Essa mudança de perspectiva é fundamental.
O clima não pode ser controlado pelo produtor, mas o planejamento diante do risco climático pode ser melhorado.
Como montar um Diagrama de Ishikawa para uma propriedade rural
A aplicação pode ser realizada em uma reunião de gestão, em uma área específica da fazenda ou até mesmo para analisar uma operação isolada.
Passo 1: defina o problema
O problema precisa ser específico e mensurável.
Exemplo:
“Produtividade da soja 10% abaixo da meta na área 12.”
Evite problemas genéricos.
Quanto mais precisa for a definição, mais eficiente será a investigação.
Passo 2: levante as possíveis causas
Reúna responsáveis pela produção, operação de máquinas, agronomia, manutenção, compras e gestão.
O objetivo é enxergar o problema por diferentes perspectivas.
Passo 3: organize as causas
Distribua as hipóteses dentro das categorias.
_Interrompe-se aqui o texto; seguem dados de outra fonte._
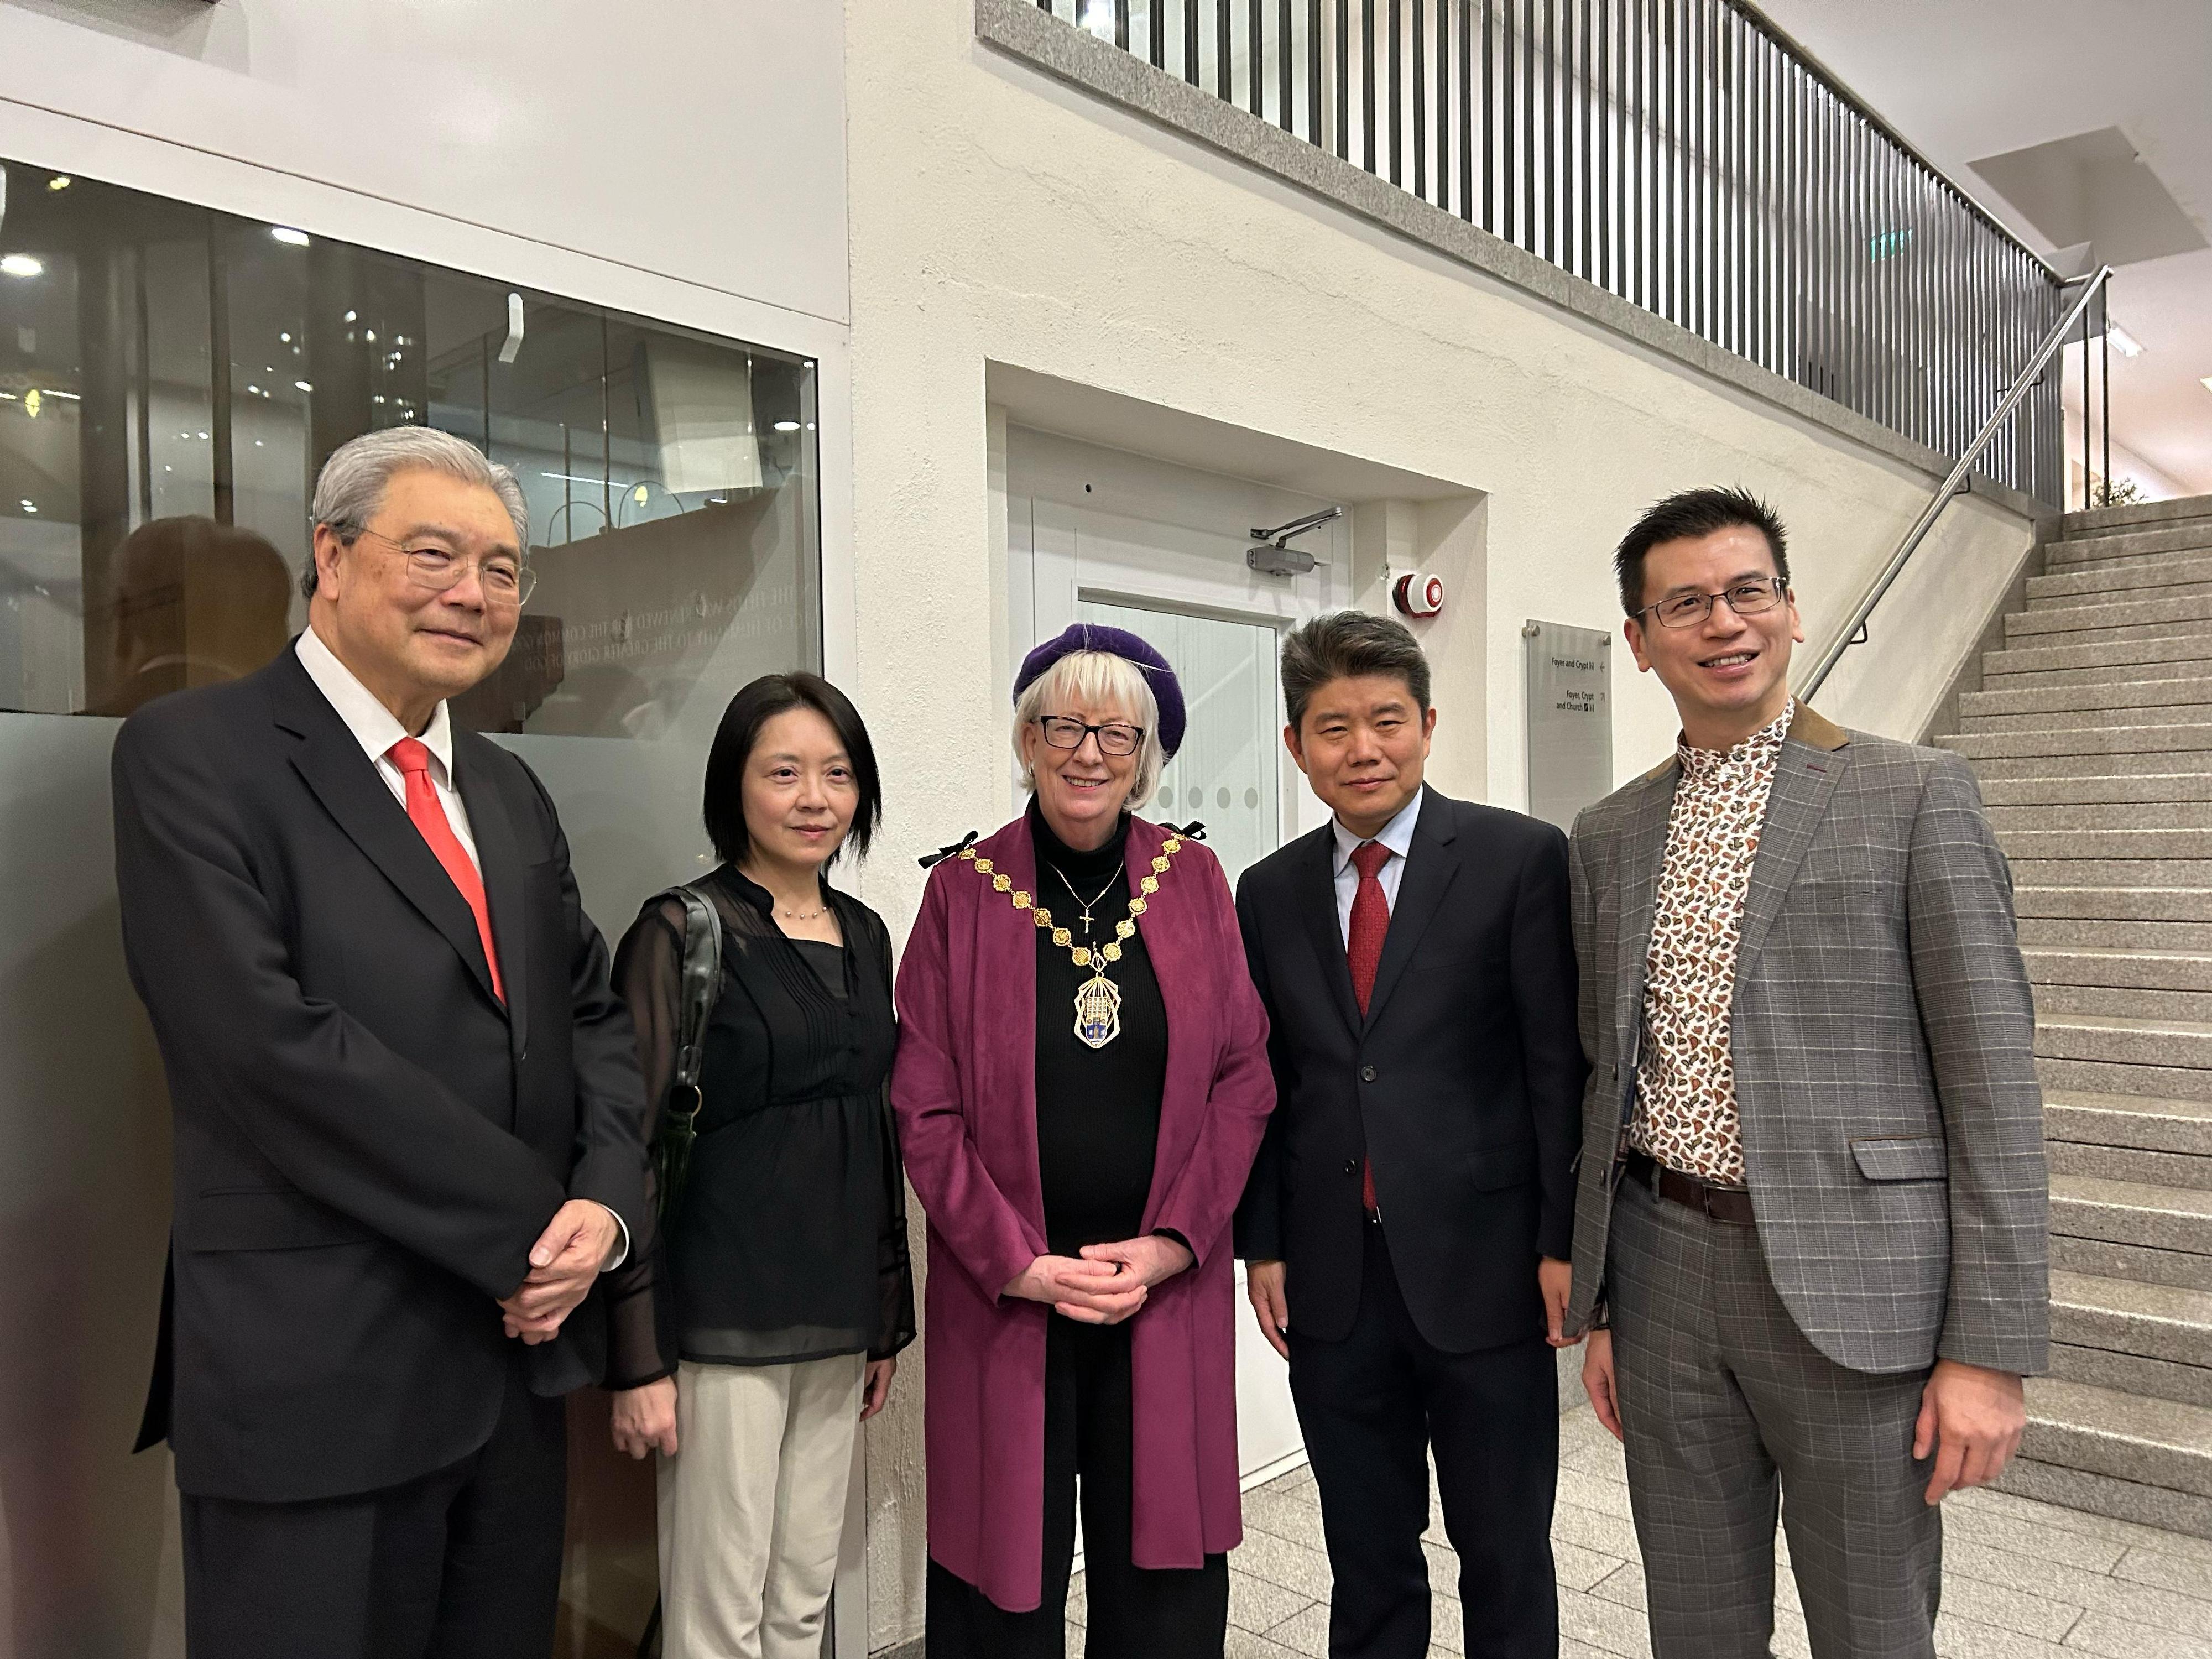 The Hong Kong Economic and Trade Office, London (London ETO) supported the Ming-Ai (London) Institute's Hong Kong pop music concert held at St Martin-in-the-Fields Hall, Trafalgar Square in London, the United Kingdom (UK), on March 7 (London time). Photo shows (from left) the Chairman of the Board of Directors of the Ming-Ai (London) Institute, Professor Jonathan Liu; the Dean of the Ming-Ai (London) Institute, Ms Li Chungwen; the Lord Mayor of Westminster, Ms Patricia McAllister; the Minister Counsellor for Cultural Affairs of the Chinese Embassy in the UK, Mr Li Liyan; and the Director of the London ETO, Mr Gilford Law, at the reception.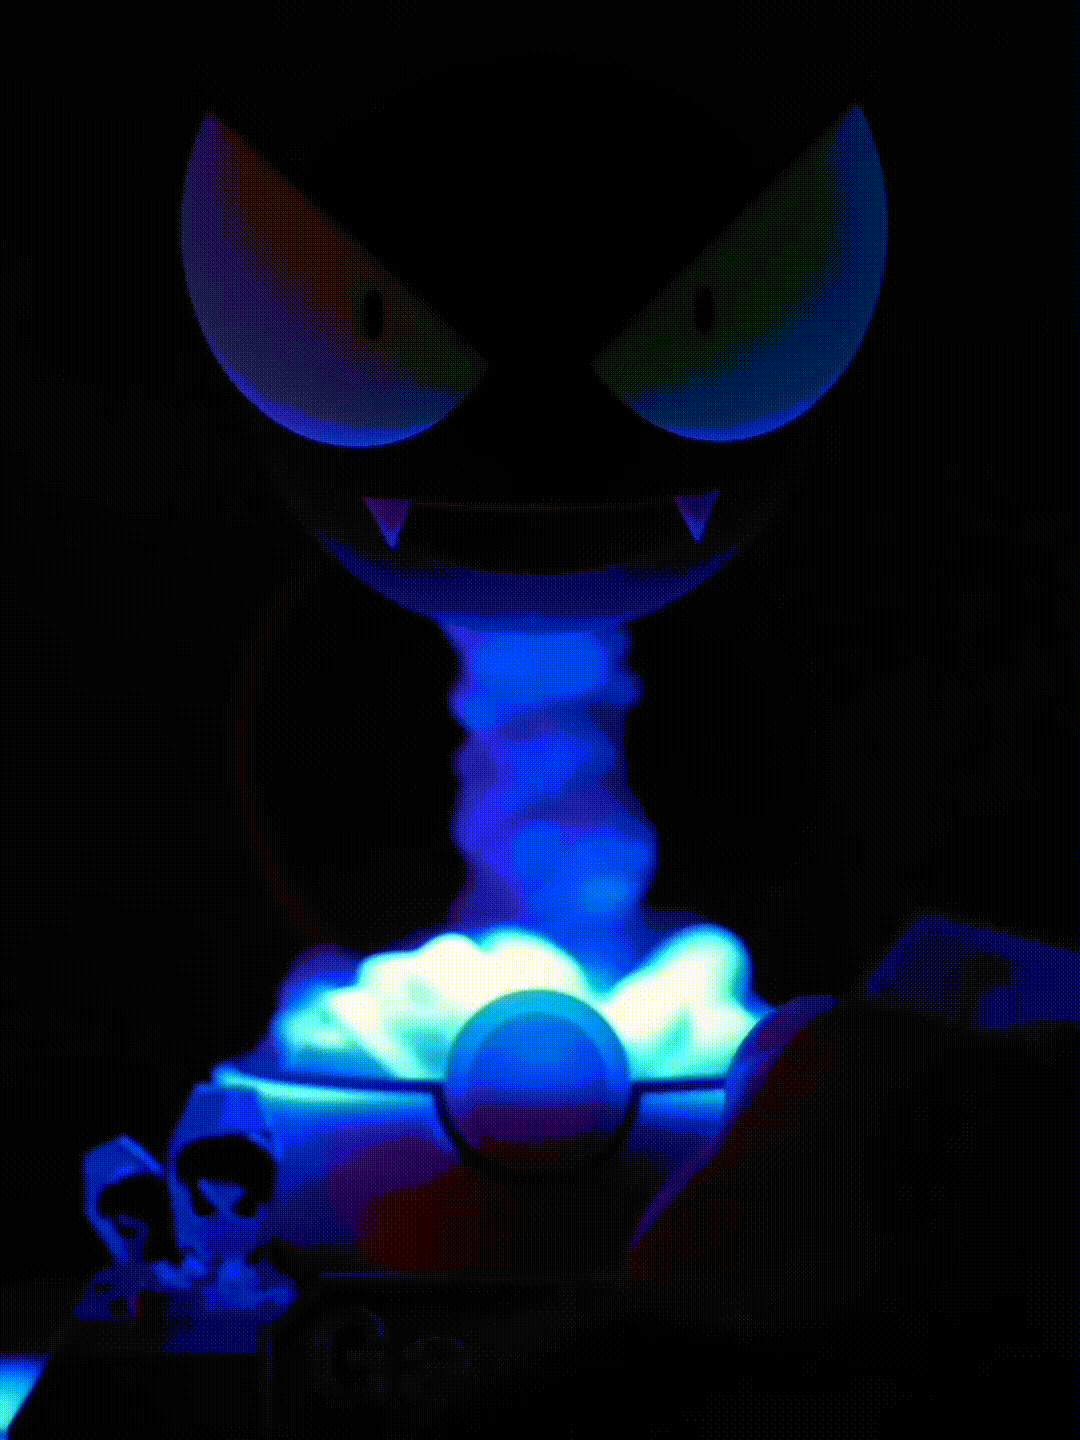 Gastly Humidifier 2.0 Pro Gif - 3D printed luminous Pokémon humidifier with advanced mist emission, UV disinfection, and blue purple ambient night light glow.

Isso evita uma investigação desorganizada e facilita a identificação de relações entre os fatores.
Passo 4: procure evidências
Essa é uma etapa decisiva.
Nem toda hipótese levantada durante uma reunião é uma causa real.
É necessário verificar dados de campo, mapas, relatórios, notas fiscais, registros de manutenção, produtividade, condições climáticas e informações operacionais.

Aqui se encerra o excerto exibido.